Informations légales : prix de location à la page 0,0500€. Cette information est donnée uniquement à titre indicatif conformément à la législation en vigueur.

Extrait

The Journey Home My journey to find peace of mind and heart while fighting a war against Bi-Polar Disorder All Rights Reserved. Copyright © 2018 Lori-ellen Pisani v5.0
The opinions expressed in this manuscript are solely the opinions of the author and do not represent the opinions or thoughts of the publisher. The author has represented and warranted full ownership and/or legal right to publish all the materials in this book.
This book may not be reproduced, transmitted, or stored in whole or in part by any means, including graphic, electronic, or mechanical without the express written consent of the publisher except in the case of brief quotations embodied in critical articles and reviews.
Outskirts Press, Inc. http://www.outskirtspress.com
ISBN: 978-1-9772-2332-6
Cover Photo © 2018 gettyimages.com . All rights reserved - used with permission.
Outskirts Press and the "OP" logo are trademarks belonging to Outskirts Press, Inc.

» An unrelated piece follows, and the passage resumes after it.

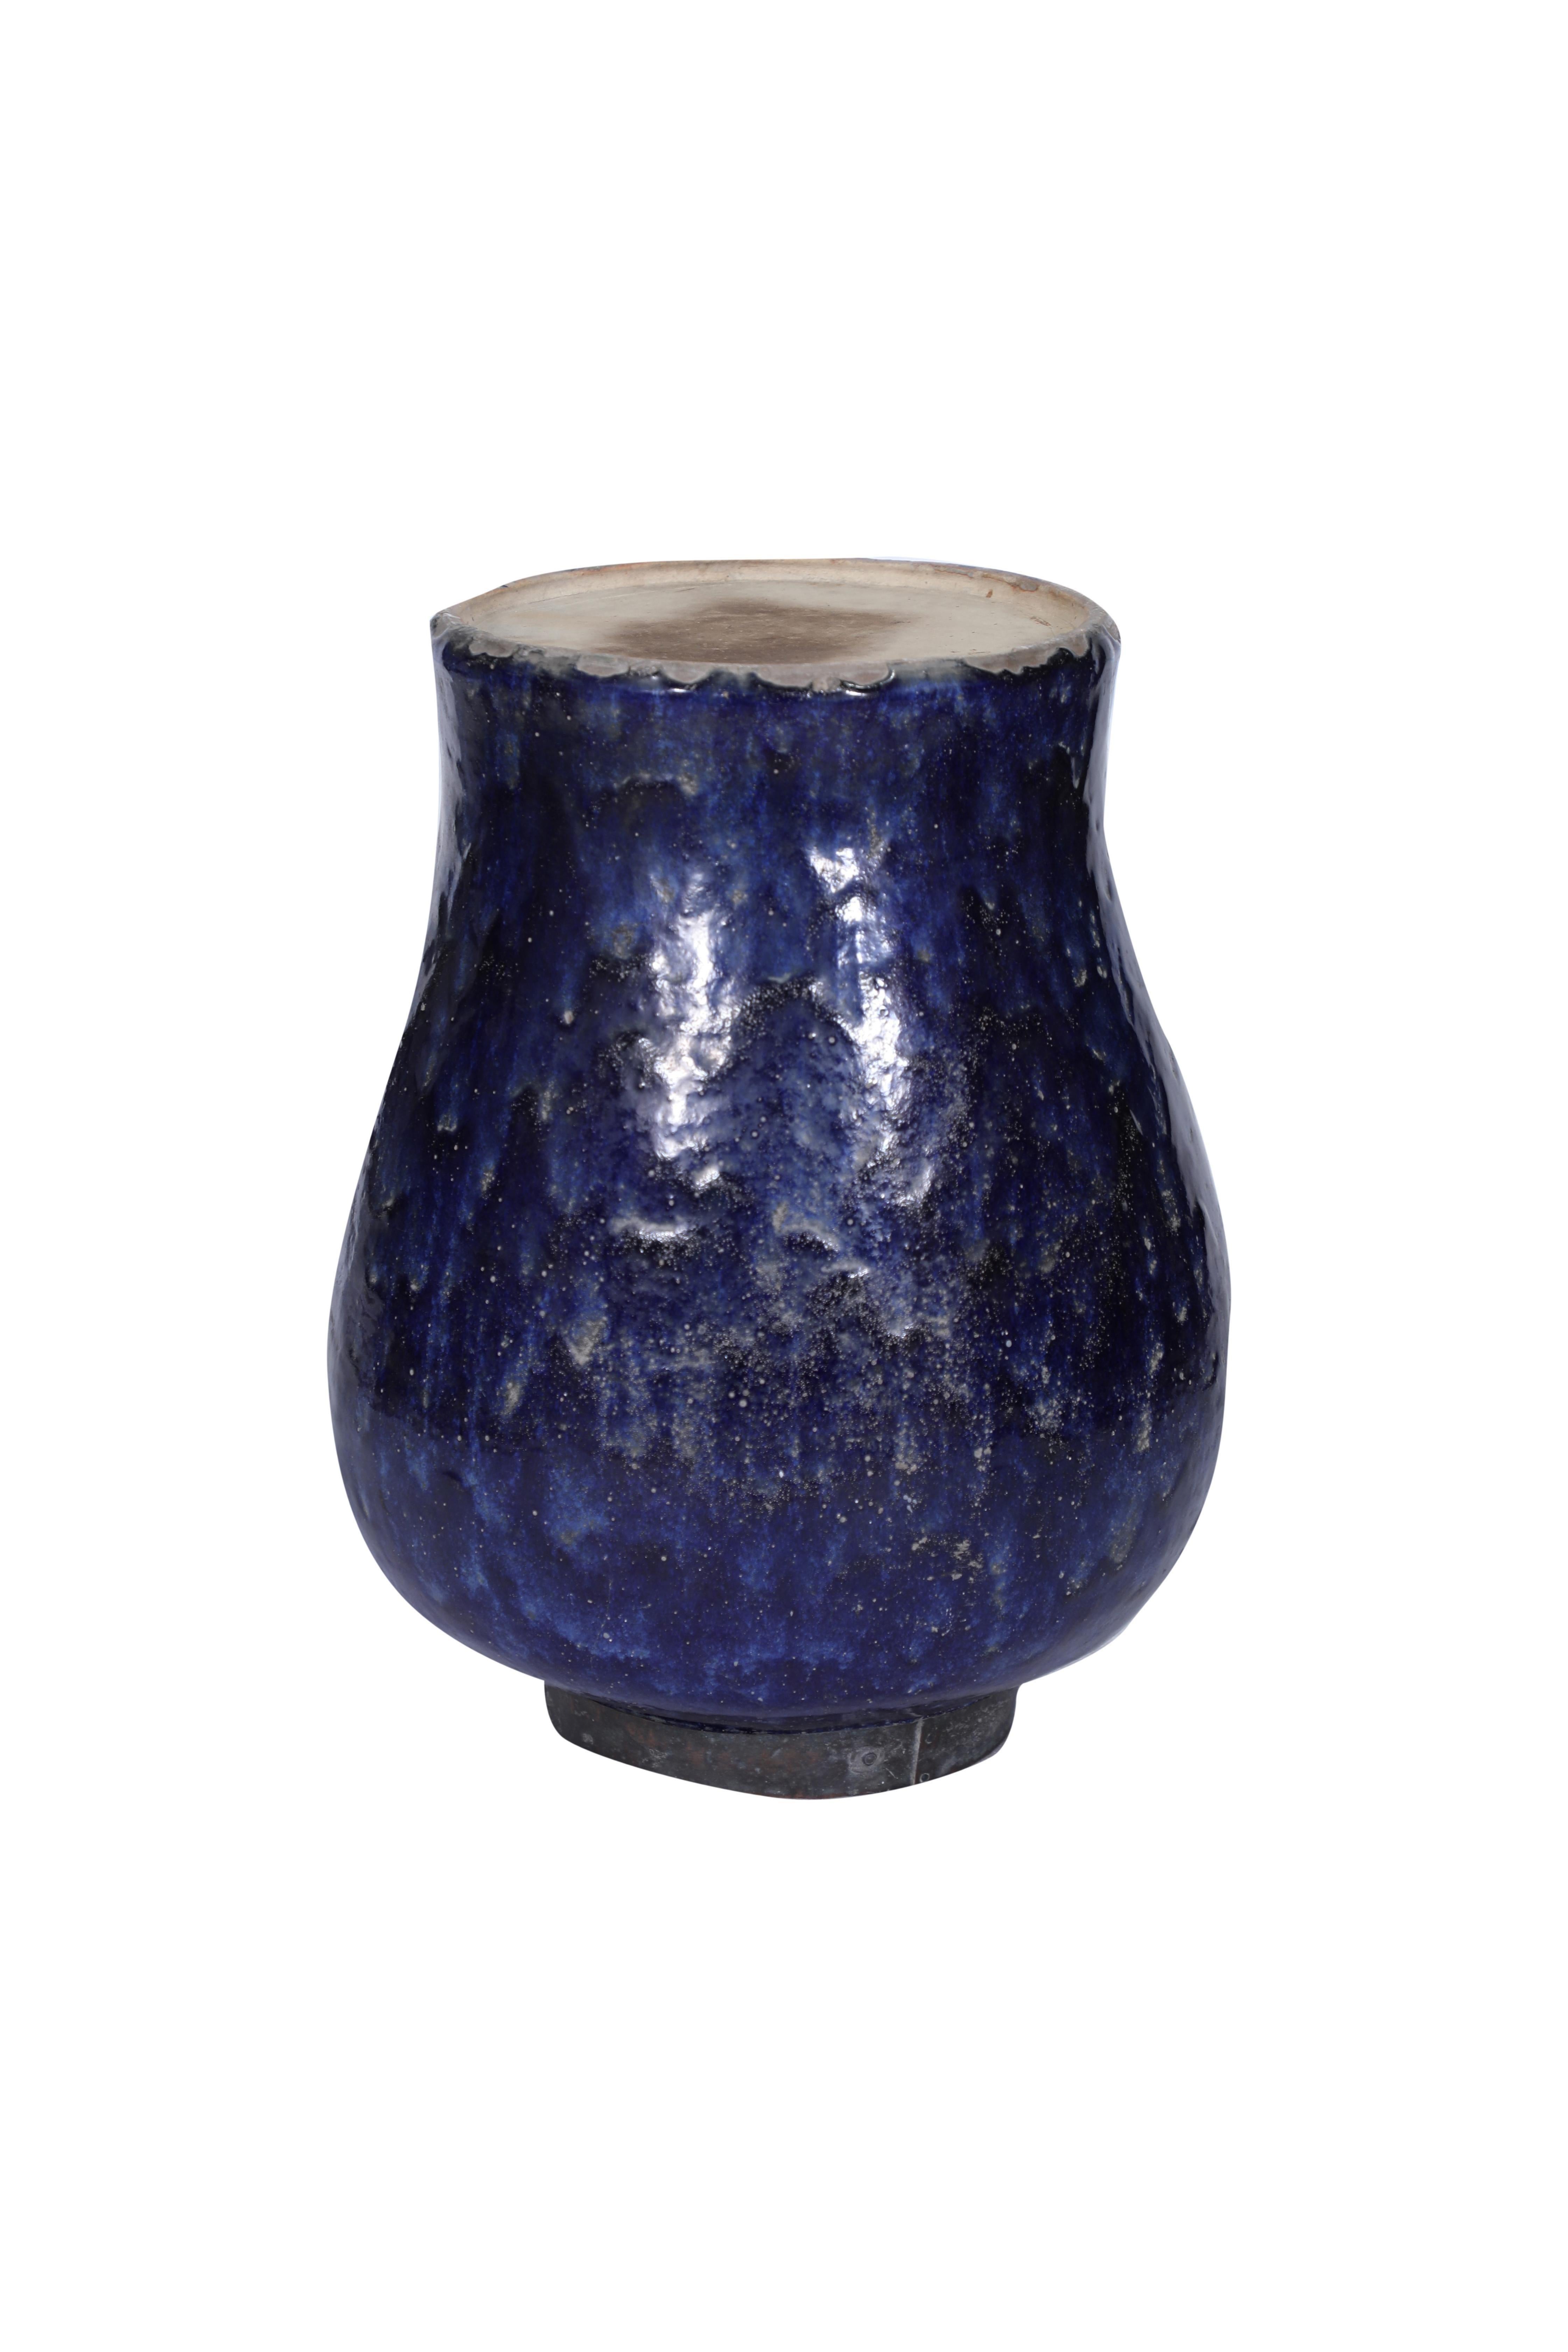 Large Cobalt Blue Ceramic Urn or Planter In Good Condition For Sale In Nantucket, MA

PRINTED IN THE UNITED STATES OF AMERICA
DEDICATION:
TO: Dr. Martin Mintz, Dr. Itamar Salamon, and Mrs. Renee Pepper, CSW-R My gratitude and thanks are deep and profound. You have traveled with me on my journey home and given me the means and the will to keep fighting the battles along the way.
TABLE OF CONTENTS
Prologue
Chapter 1: The Journey Home
Chapter 2: To Trust Another
Chapter 3: Broken Heart
Chapter 4: Escape
Chapter 5: Little Girl Lost
Chapter 6: Now I Lay Me Down to Sleep
Chapter 7: The Spiral Staircase
Chapter 8: House of Cards
Chapter 9: The Stranger Within
Chapter 10: What World Is This?
Chapter 11: Ticket to Freedom
Chapter 12: Repeating Patterns
Chapter 13: Can You Hear Me, God?
Chapter 14: Rage
Chapter 15: My Life in Shambles
Chapter 16: Starting Over
Chapter 17: A Letter to Loneliness
Chapter 18: Response from Loneliness
Chapter 19: The Answer
Chapter 20: Forgiven
Chapter 21: Mistakes
Chapter 22: Love Is Not a Fairytale
Chapter 23: Fall from Grace
Chapter 24: My Heart Just Took a Picture
Epilogue
PROLOGUE
Philippians 4:13 – I can do all things through Christ who strengthens me. I put my faith in this Bible verse when I am challenged. It gives me courage. I need courage to write my story in a way that will help those who share my struggle to fight daily battles against bipolar disorder. It is the story of a fight; more like a war, with daily battles of will against a powerful enemy that has the capacity to overtake even the strongest of soldiers. My story does not have an ending, for it continues to unfold as long as I continue to live.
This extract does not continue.